Only the pictures are to be omitted; everything else in the listing must be reproduced exactly.

* _Source material_
------------------------------------------------------------

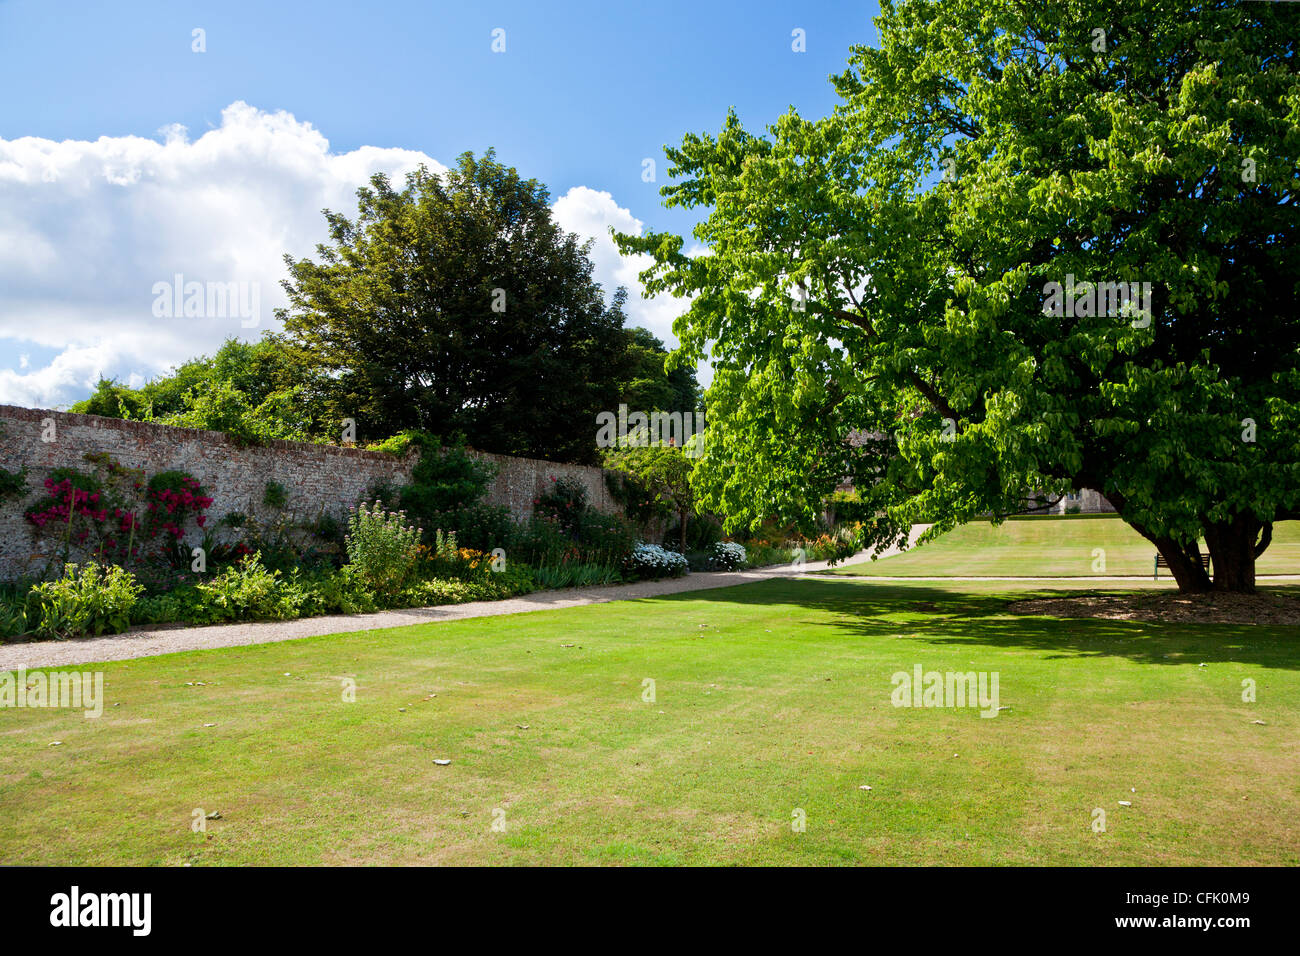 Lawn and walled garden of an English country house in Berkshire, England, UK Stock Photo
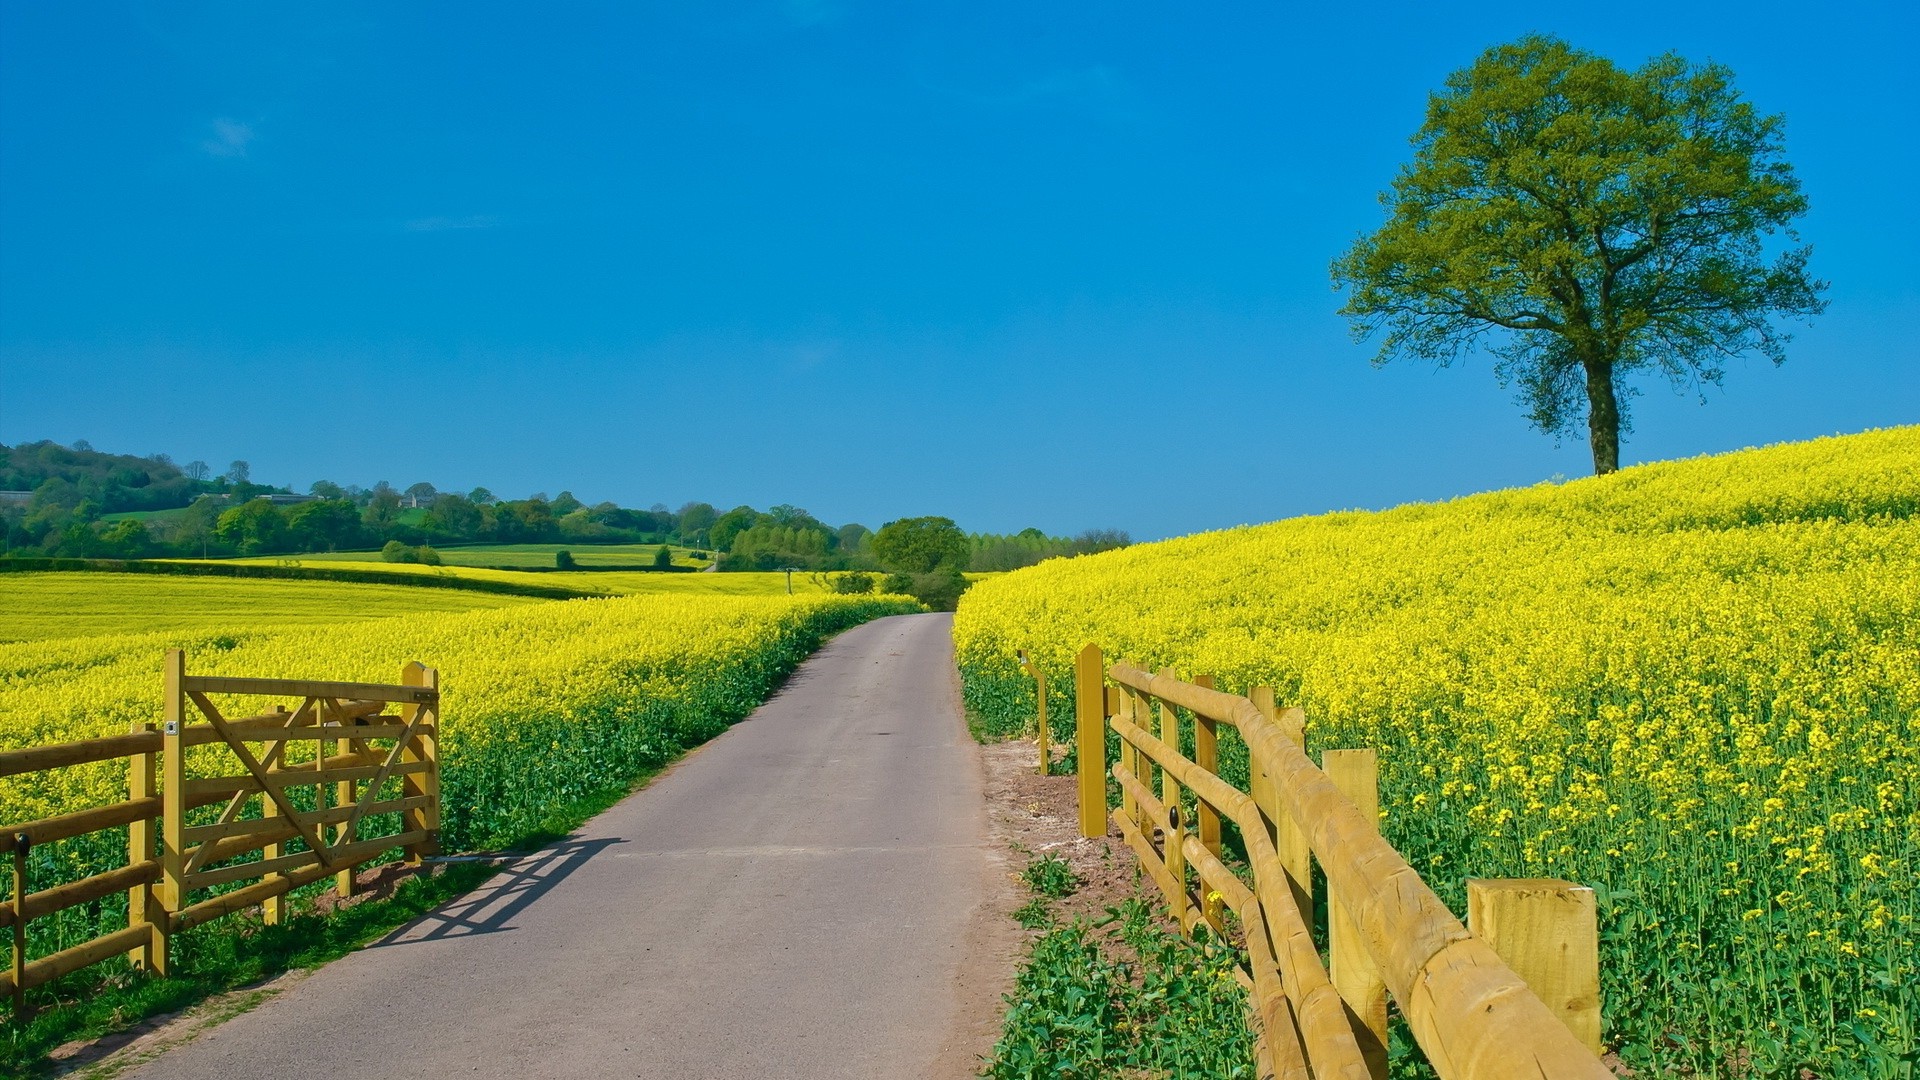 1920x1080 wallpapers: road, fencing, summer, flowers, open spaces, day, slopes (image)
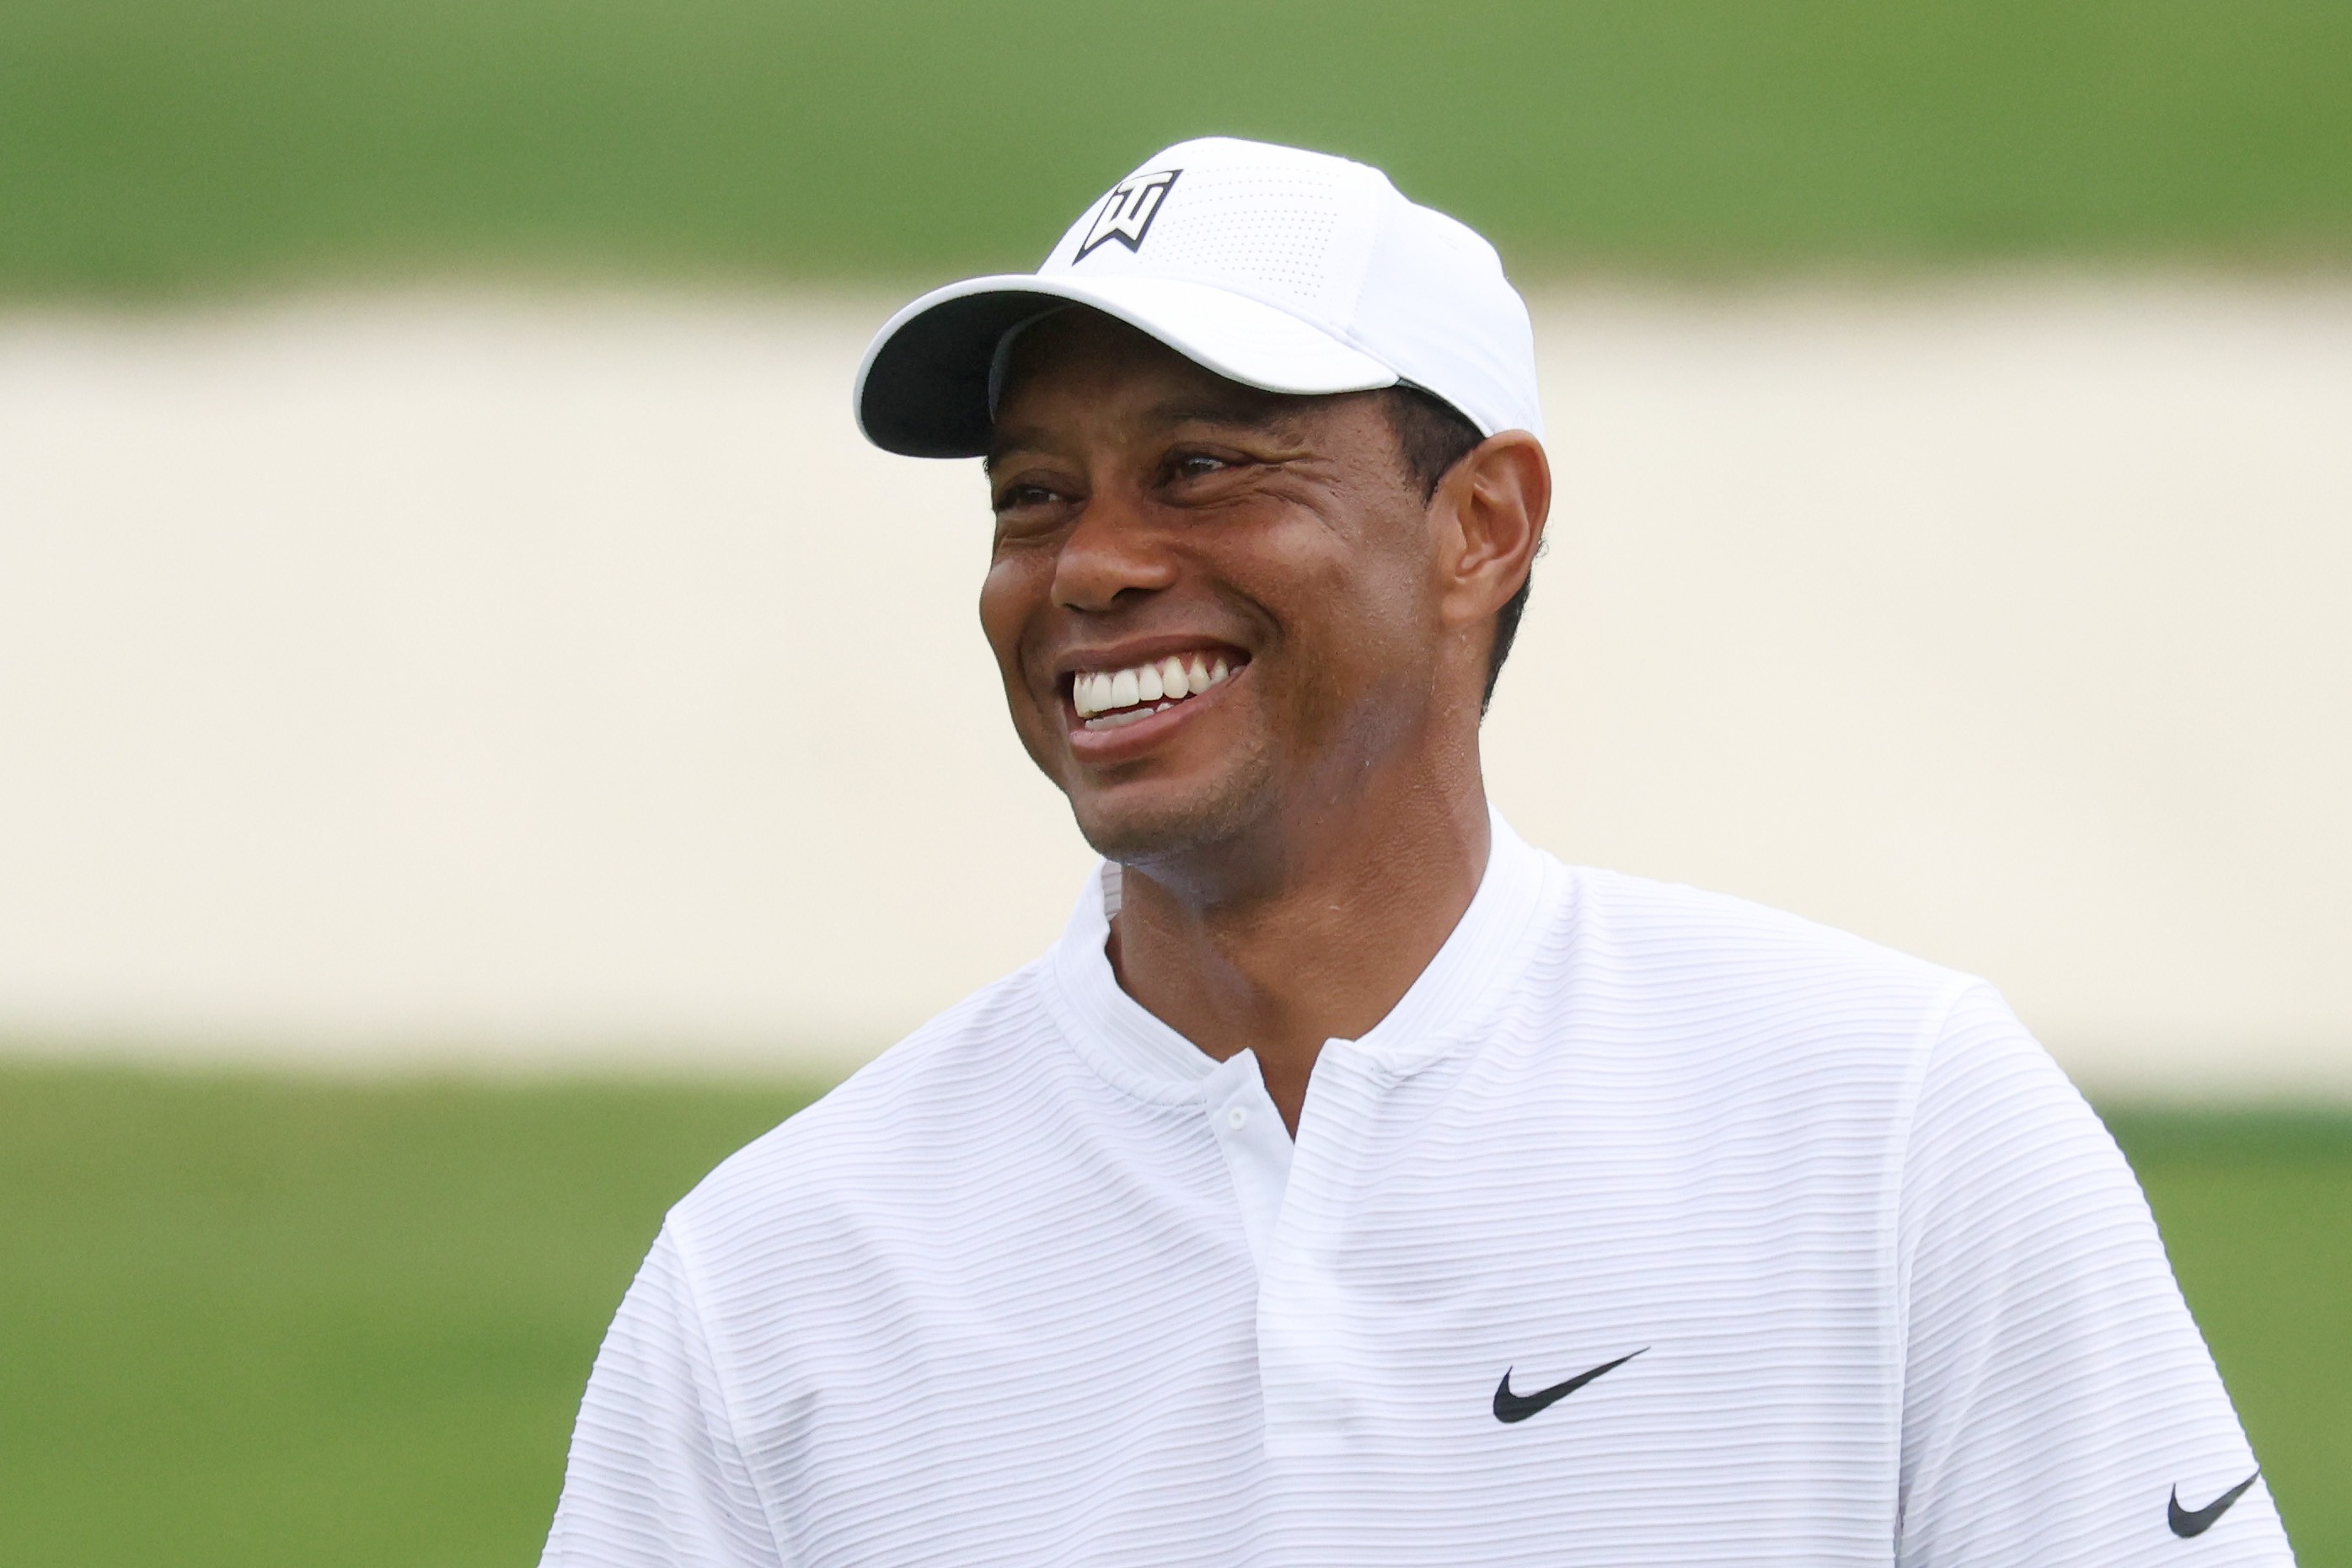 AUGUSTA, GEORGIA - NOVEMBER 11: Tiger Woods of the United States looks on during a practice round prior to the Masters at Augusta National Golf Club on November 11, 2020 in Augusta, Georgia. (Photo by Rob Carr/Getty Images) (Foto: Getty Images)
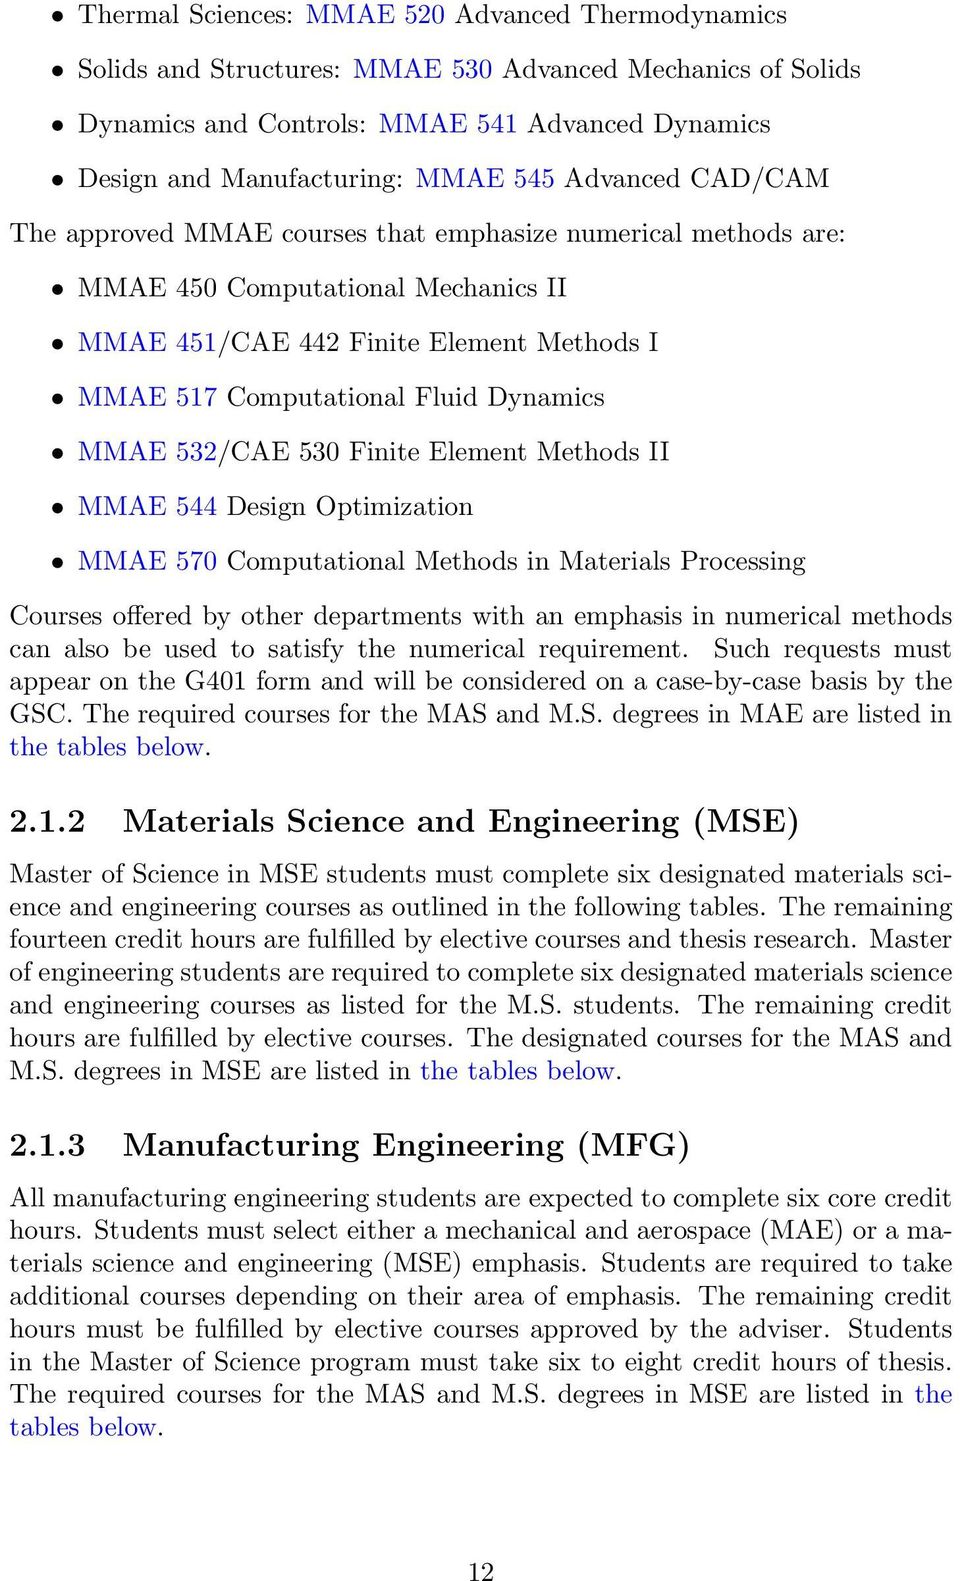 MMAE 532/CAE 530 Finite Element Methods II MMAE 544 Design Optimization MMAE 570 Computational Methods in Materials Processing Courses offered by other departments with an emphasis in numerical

------------------------------------------------------------

* _Exercise response_
 Lawn and walled garden of an English country house in Berkshire, England, UK Stock Photo
 1920x1080 wallpapers: road, fencing, summer, flowers, open spaces, day, slopes (image)
 AUGUSTA, GEORGIA - NOVEMBER 11: Tiger Woods of the United States looks on during a practice round prior to the Masters at Augusta National Golf Club on November 11, 2020 in Augusta, Georgia. (Photo by Rob Carr/Getty Images) (Foto: Getty Images)
 MMAE 532/CAE 530 Finite Element Methods II MMAE 544 Design Optimization MMAE 570 Computational Methods in Materials Processing Courses offered by other departments with an emphasis in numerical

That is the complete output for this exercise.